What do I miss here?

2. Jul 5, 2008

### Hurkyl

Staff Emeritus
What definition of the tensor product of two vector spaces are you using? This sounds like it's the sort of thing that should be a nearly immediate consequence of the definition.

3. Jul 5, 2008

### MathematicalPhysicist

well it does seem like that.

basically what I'm using here that
the tensor product satisfies that each terms v1,v2,v,w,w1,w2 in V,W:
$$v\otimes(w_1+w_2)=v\otimes w_1+v\\otimes w_2$$
$$(v_1+v_2)\otimes w=v_1\otimes w+v_2\otimes w$$
$$(\lambda v)\otimes w=\lambda (v\otimes w)$$
lambda is a scalar.

basically the uniquness part distrubs me, if ofcourse I got it correct for proof of linearity of map.

cheers.

4. Jul 5, 2008

### mrandersdk

a little hint, try to define the function on a basis of V_1 and W_1 by

$$(f\otimes g)(v_i\otimes w_j)=f(v_i)\otimes g(w_j)$$

and then extend by linearity. Then you need to show that

$$(f\otimes g)(u\otimes v)=f(u)\otimes g(v)$$

is satified (which also gives you that it doesn't depend on the basis chosen, which helps with the uniqueness part), and you need to show that given another linear function on V_1 \otimes W_1, satisfying this it is equal to the one defined above.

Last edited: Jul 5, 2008
5. Jul 5, 2008

### MathematicalPhysicist

but wait if it's defined by f and g already, then it's unique is it not?
if we were to replace f by another linear map, say for example f(u)=u and h(u)=2u
then: f x g(u x v)=u x g(v) and h x g(u x v)=2(u x g(v))
which arent necessarily the same.

and for the hint with linearity, basically if v is decomposed of a linear combination of the bases of V1 and W1, f x g(u x v) is a summation over i and j of f x g (u_i x v_j)=f(u_i) x g(v_j) and then you recombine it again, as I said it's just by using the definition.

6. Jul 5, 2008

### MathematicalPhysicist

what I want to say is that another function would be different than the one defined here, if we change at least one of f or g.

7. Jul 5, 2008

### mrandersdk

you need not to show that it is linear in the first component and in the second component, this doesn't actually make sence because it is a function of only one component, you need to show that there exist a function satisfying

$$(f\otimes g)(\lambda u_1\otimes v_1+u_2\otimes v_2)=\lambda (f\otimes g)(u_1\otimes v_1)+(f\otimes g)(u_2\otimes v_2)$$

I give you that the uniqueness part is clear.

8. Jul 5, 2008

### MathematicalPhysicist

Yes I thought that I need to show linearity by addition and by scalar (scalar is easy).

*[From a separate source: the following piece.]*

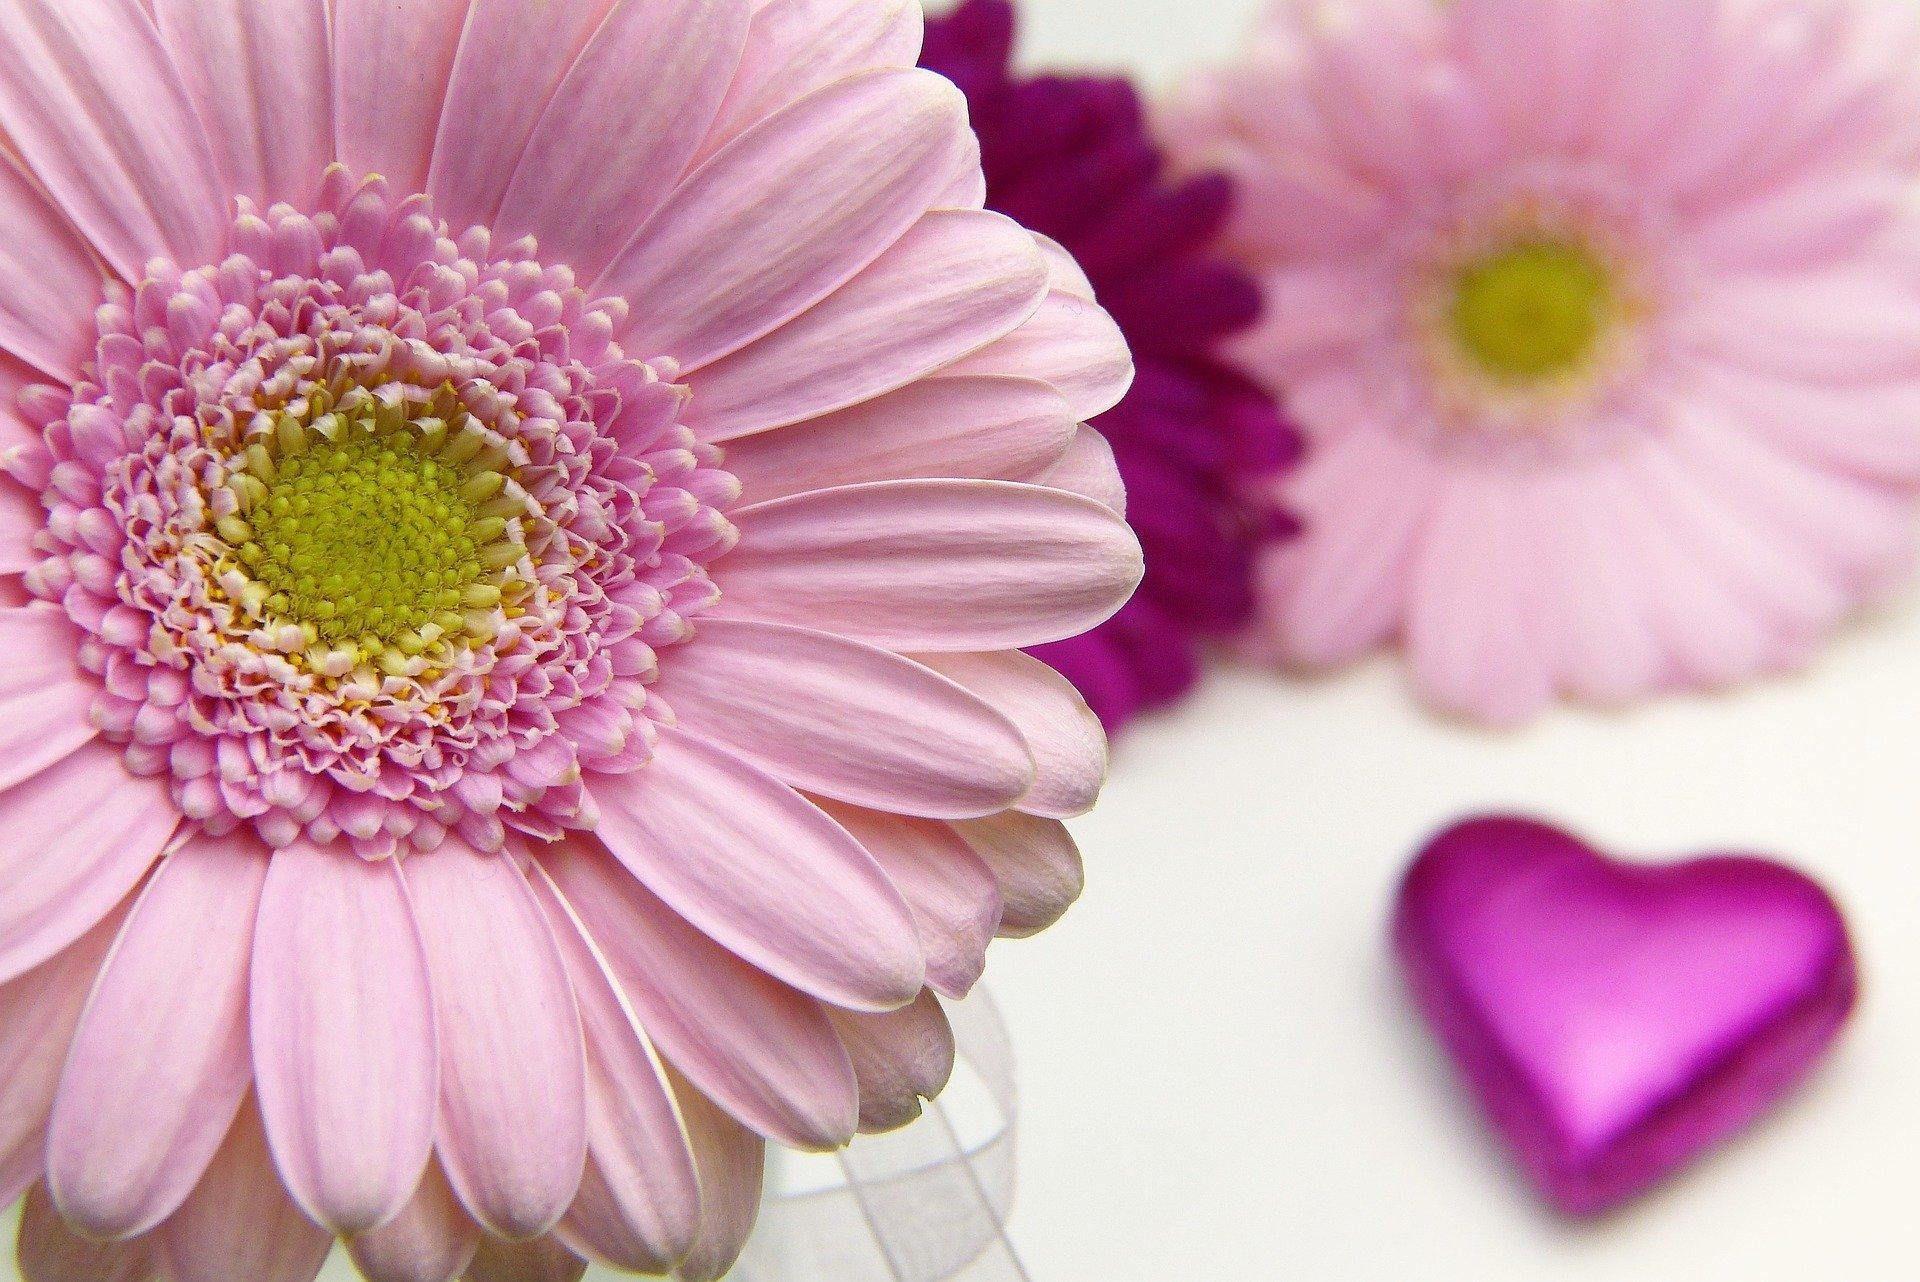 http://www.althea-fleurs.com/wp-content/uploads/2020/01/flower-3086546_1920-1.jpg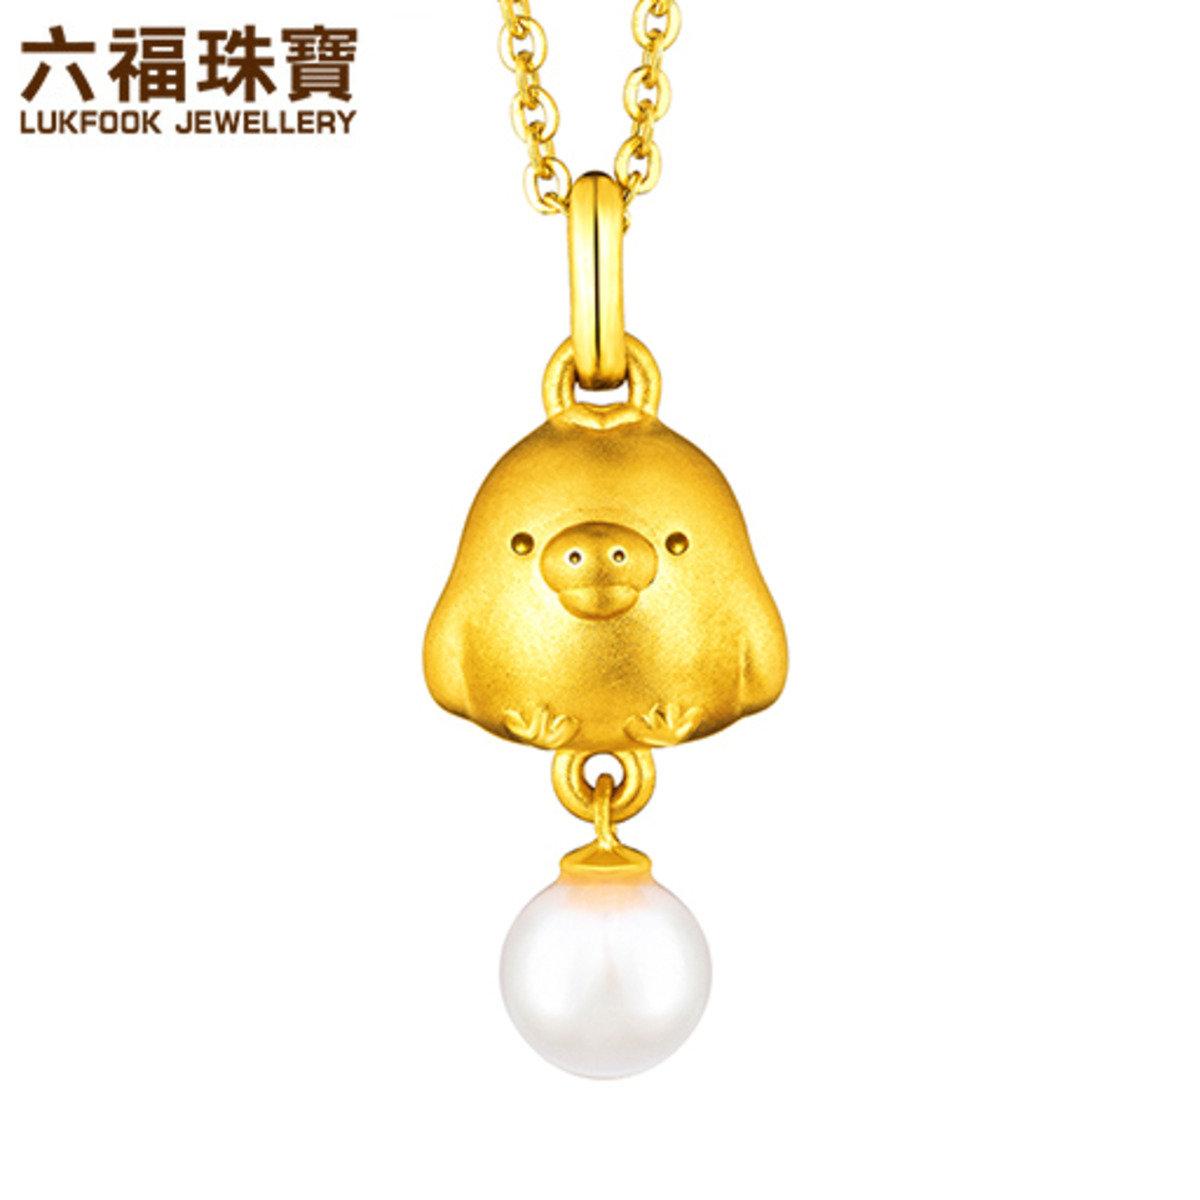 輕鬆小熊 女裝 黃金襯珍珠吊墜

so linearity by addition should go something like this:

$$f\otimes g(u_1 \otimes v_1+u_2 \otimes v_2)=f\otimes g(\sum_{i,j} a_ju_j\otimes b_iv_i+\sum_{i,j} a'_ju_j\otimes b'_iv_i)=f\otimes g(\sum_{i,j}(a_j+a'_j)u_j\otimes (b_i+b'_i)v_j)$$
and from here we use the definition.

Well when I started with it I didn't see the need for resorting to the basis elements.

9. Jul 5, 2008

### mrandersdk

exactly, that was my point, you actually need to define it on basis, and then do as you say in the post.

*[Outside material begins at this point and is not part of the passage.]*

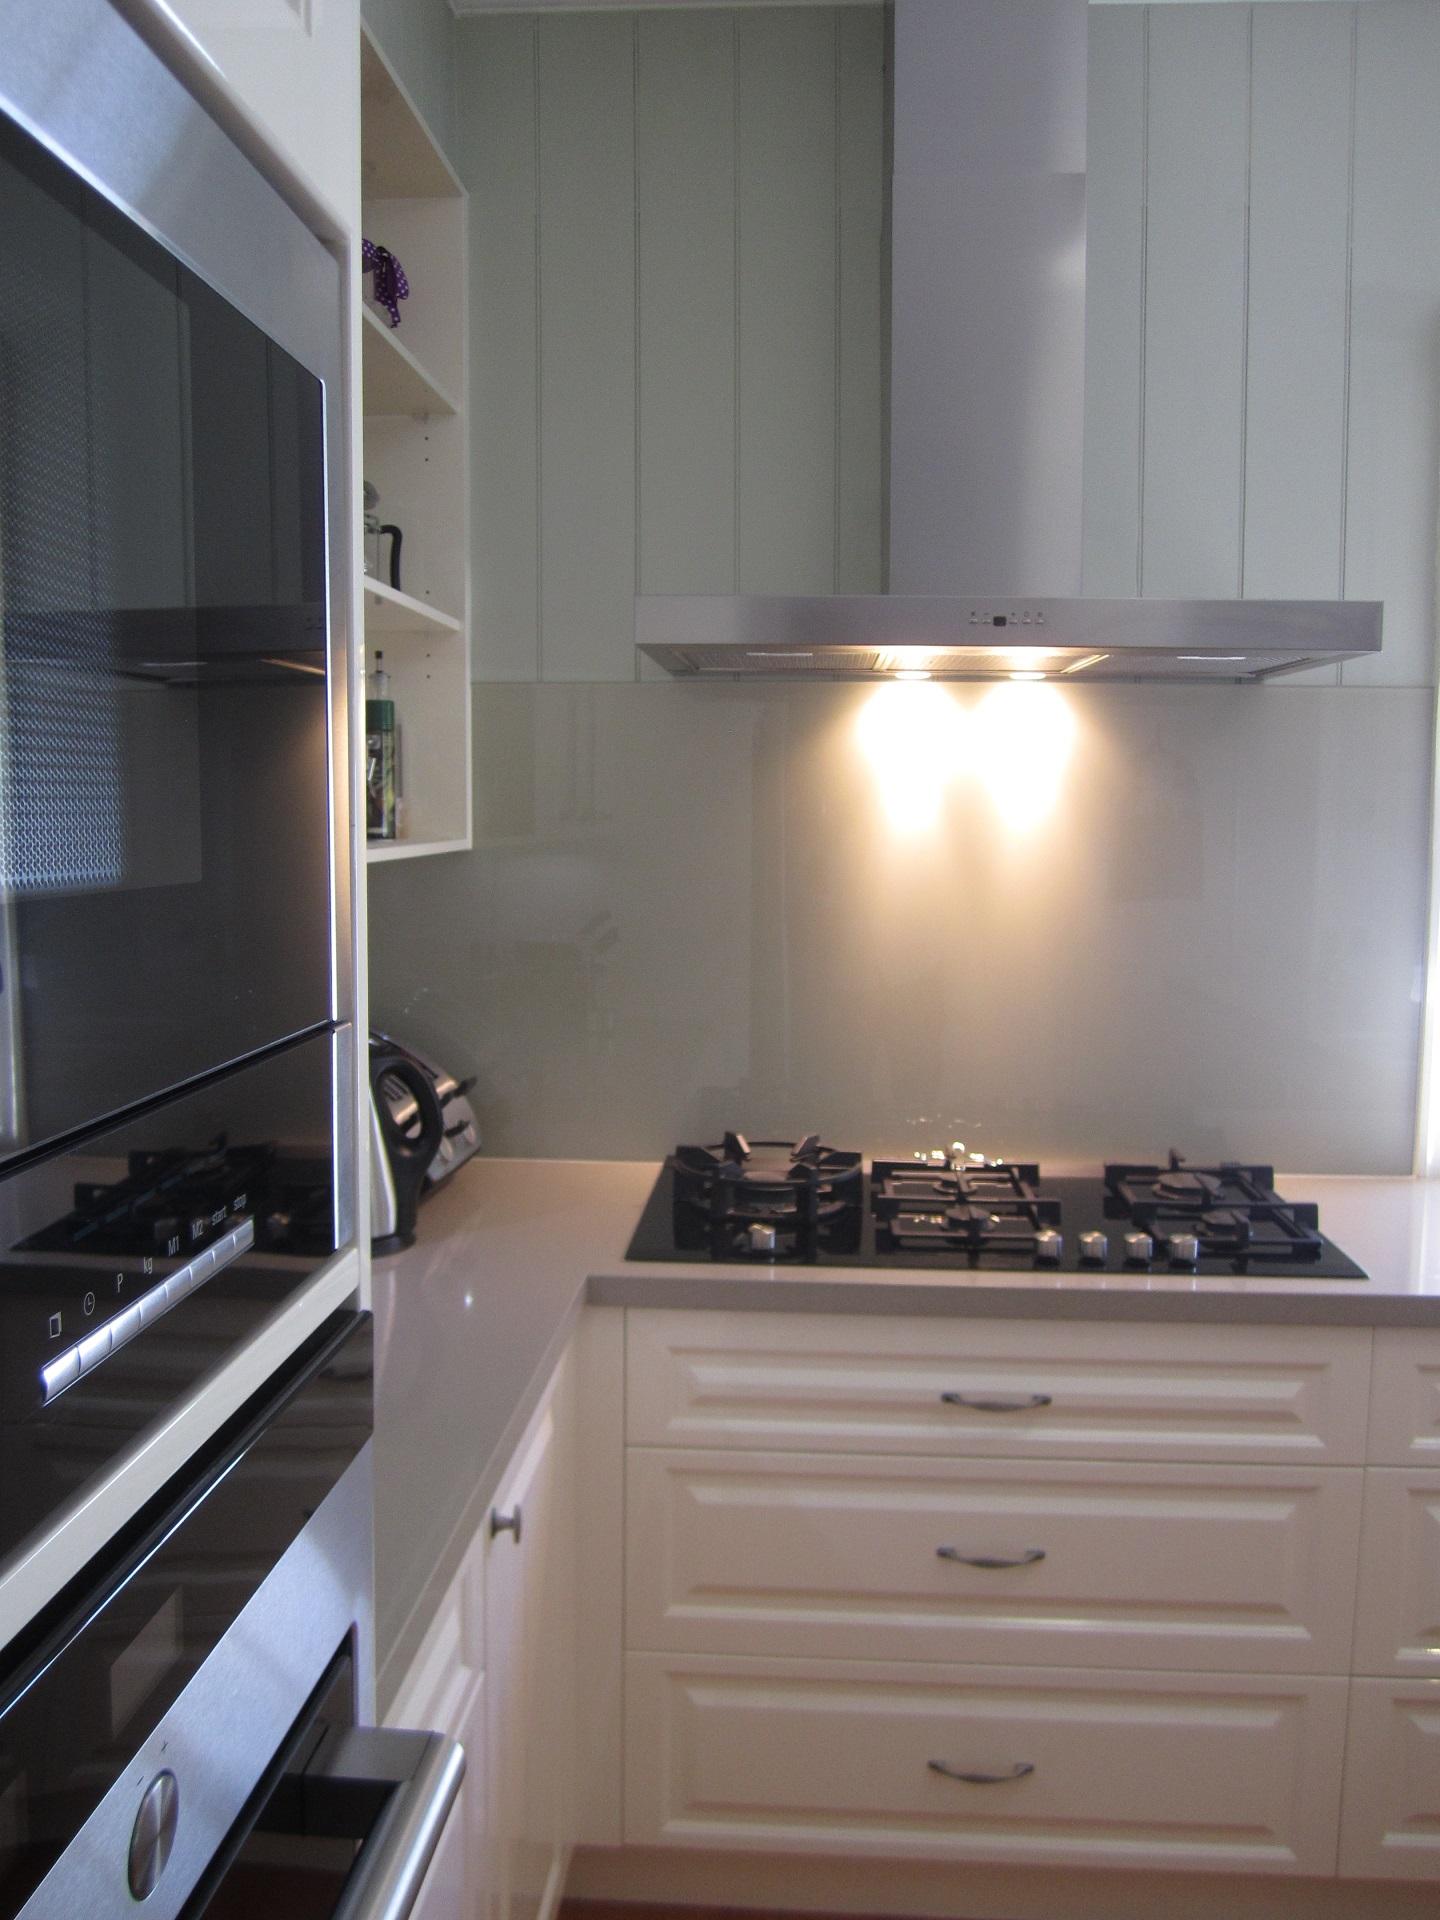 brisbane-kitchen-design-paddington-traditional-kitchen-renovation6

A little point about the uniqueness part. It seems that if the function satisfy

$$(f\otimes g)(u\otimes v)=f(u)\otimes g(v)$$

then it is only on the elements of the form $$u\otimes v$$, but all elements in V_1 \otimes W_1 need not to be on this form, so it may not be completely obivous. You actually to make it complete need to say, that given a linear function h such that

$$h(u\otimes v)=f(u)\otimes g(v)$$

then this h agree with (f\otimes g) on basis elements of V_1 \otimes W_1, which is all elements on the form v_j \otimes w_i, where v_j and w_i are baes for V_1 and W_1. And when two linear functions agree on a basis they are equal.

Actually it is first at this step, you have shown that, the definition you/I made of (f\otimes g) is not depending on the basis, chosen in the definition. I was a bit confused because I forgot that all elements isn't on the form v \otimes u, maybe you did too ?

10. Jul 5, 2008

### mrandersdk

There was something that, is missing in the last post, so here is a corrected one.

exactly, that was my point, you actually need to define it on basis, and then do as you say in the post.

A little point about the uniqueness part. It seems that if the function satisfy

$$(f\otimes g)(u\otimes v)=f(u)\otimes g(v)$$

then it is unique, but this is only on the elements of the form $$u\otimes v$$, but all elements in V_1 \otimes W_1 need not to be on this form, so it may not be completely obivous. You actually to need to say, that given a linear function h such that

$$h(u\otimes v)=f(u)\otimes g(v)$$

then this h agree with (f\otimes g) on basis elements of V_1 \otimes W_1, which is all elements on the form v_j \otimes w_i, where v_j and w_i are baes for V_1 and W_1. And when two linear functions agree on a basis they are equal.

Actually it is first at this step, you have shown that, the definition you/I made of (f\otimes g) is not depending on the basis, chosen in the definition. I was a bit confused because I forgot that all elements isn't on the form v \otimes u, maybe you did too ?